For the past few weeks, more eyes were on the federal government than usual as the debt ceiling crisis intensified. Many of those eyes were angry. That anger was largely misplaced.
It’s no secret that most Americans nowadays dislike politicians, though the dislike deepened over the last few weeks as our elected officials in Washington struggled over whether and under what conditions to raise the debt ceiling. A friend of mine publicly pledged on Facebook to never give another cent to anyone currently in Congress, and urged those who agree to repost her message. One less scrupulous journalist, Jeff Jarvis, made a bigger name for himself Tweeting angrily with the hashtag “f—-youwashington,”
and drawing thousands of supporters in the process. This was just the tip of the mountain of anger that erupted online and off among Americans.
In most federal budget years, raising the debt ceiling has not precipitated a political crisis, even if every year some in Congress vote against raising it. Of course, the federal deficit is growing too large and has to be addressed sooner or later. But the debt ceiling crisis was foremost a political crisis, not an economic one. The single greatest cause of that political crisis was the 2010 election of 63 Republicans to the U.S. House of Representatives – including many Tea Party-backed candidates hell bent on cutting the federal budget now, in a down economy – giving Republicans a sizeable majority in the House, and dividing Congress. This should turn public scrutiny back on American citizens, not Washington politicians.
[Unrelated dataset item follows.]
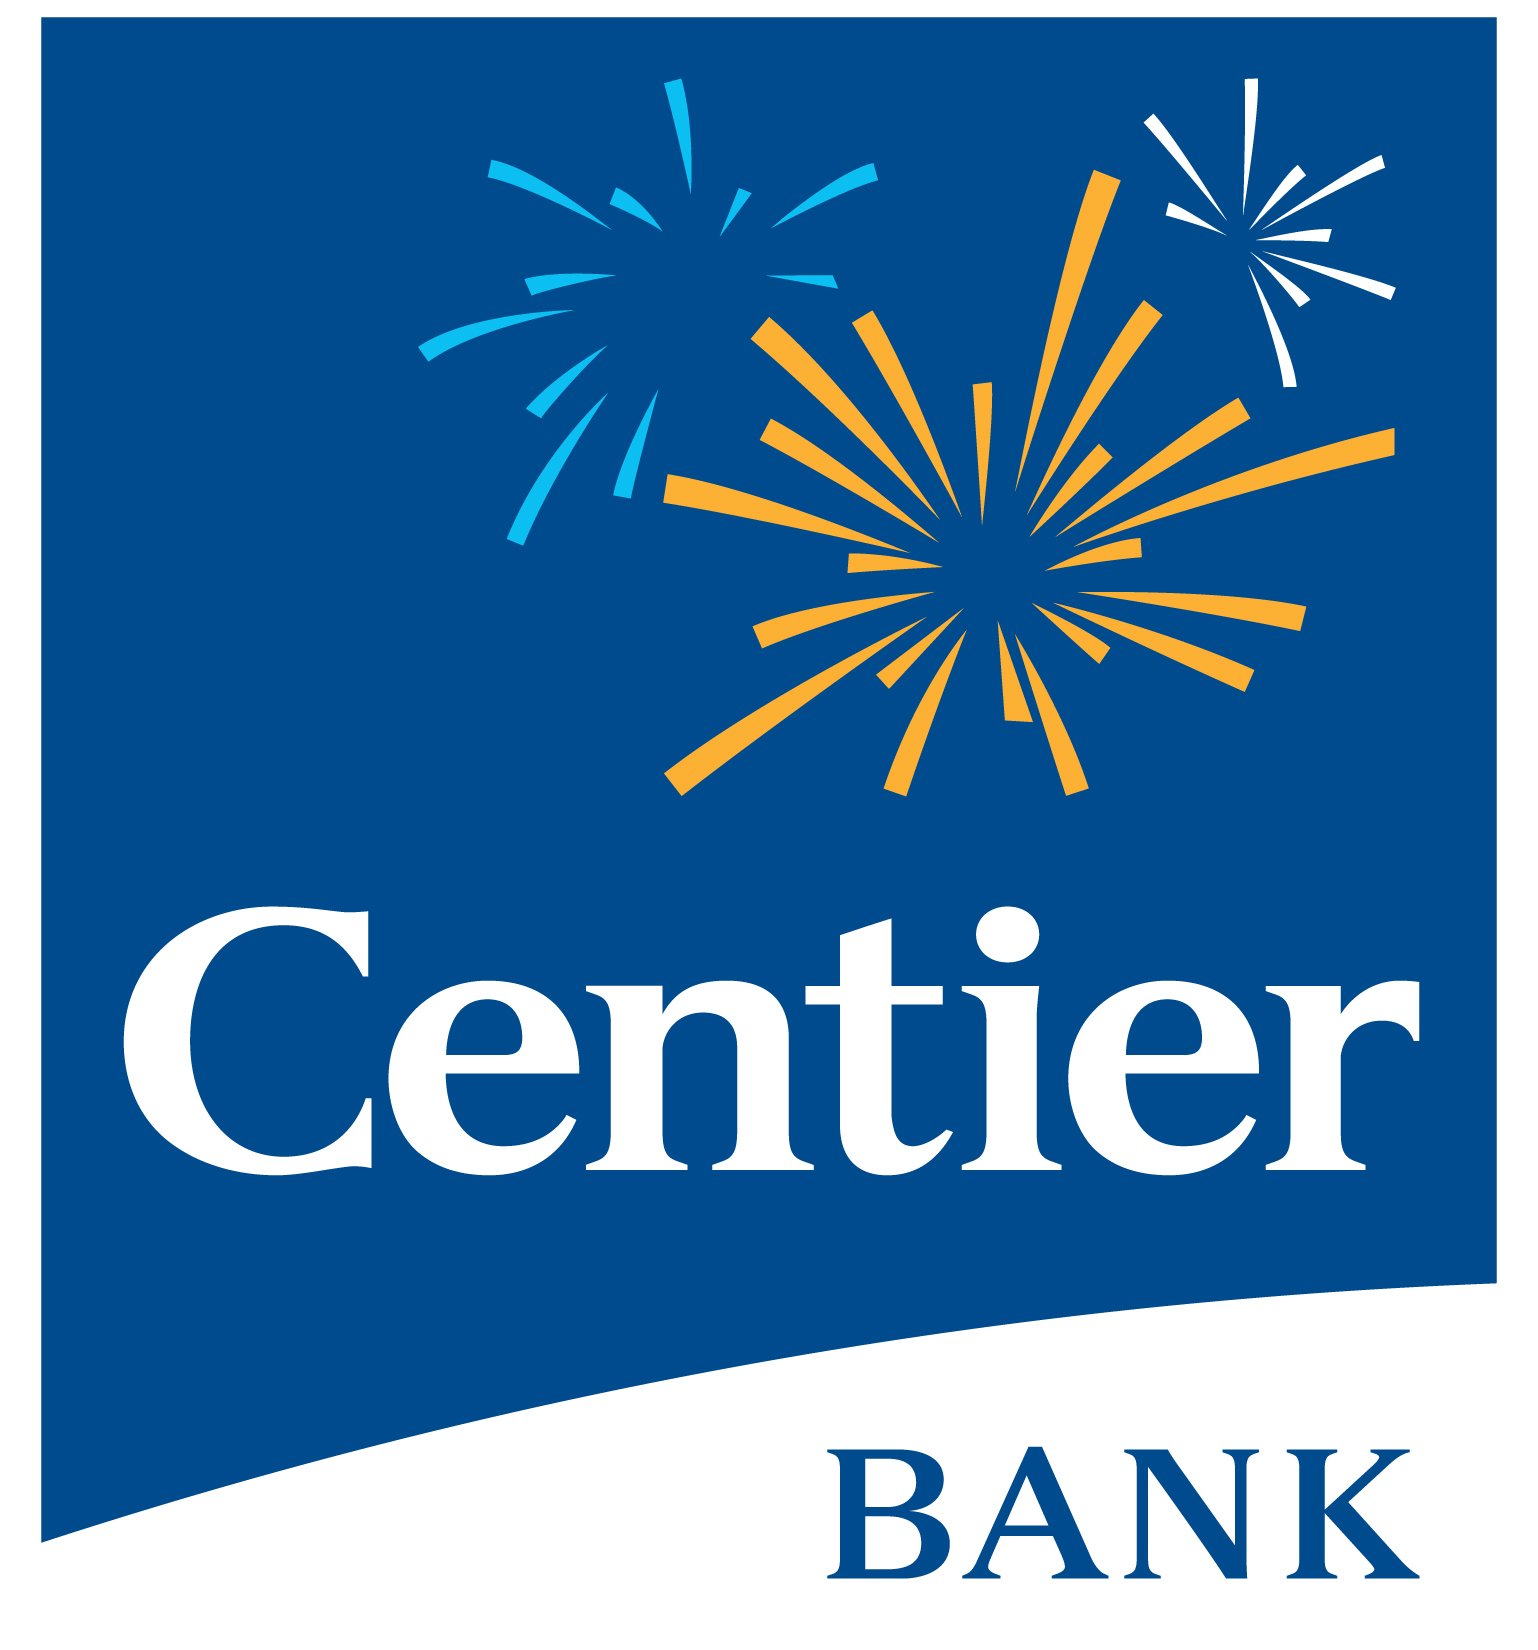 centier-bank-logo.jpg

My intent, however, is not to curse those who voted for House Republicans. My purpose is to make a more fundamental argument: in democracies, politicians are only as good as citizens, and citizens are only as good as their institutions.
It is easy to blame voters for their ignorance or idiocy. Indeed, one striking pattern I find in listening to Americans talk about their fellow citizens is that so many are convinced that most Americans are gullible idiots. These critics, abundant on the left, right and center, usually see themselves and those who agree with them as immune from the rampant plague of idiocy. There is indeed plenty of evidence that most Americans – no doubt including many of those convinced that they are smart and most everyone else is an idiot – have a quite limited grasp of political facts.
Some political scientists believe that this general ignorance is natural and functional. In complex modern societies, the argument goes, people have specialized jobs and limited attention, yet politics is complicated, so politics should be mostly left to professionals, just as we depend on professionals in most realms of life. The trouble is, even professionals make mistakes and you can’t always trust them to serve the public interest, so citizens still need to be sufficiently engaged to cast informed votes and keep political professionals honest.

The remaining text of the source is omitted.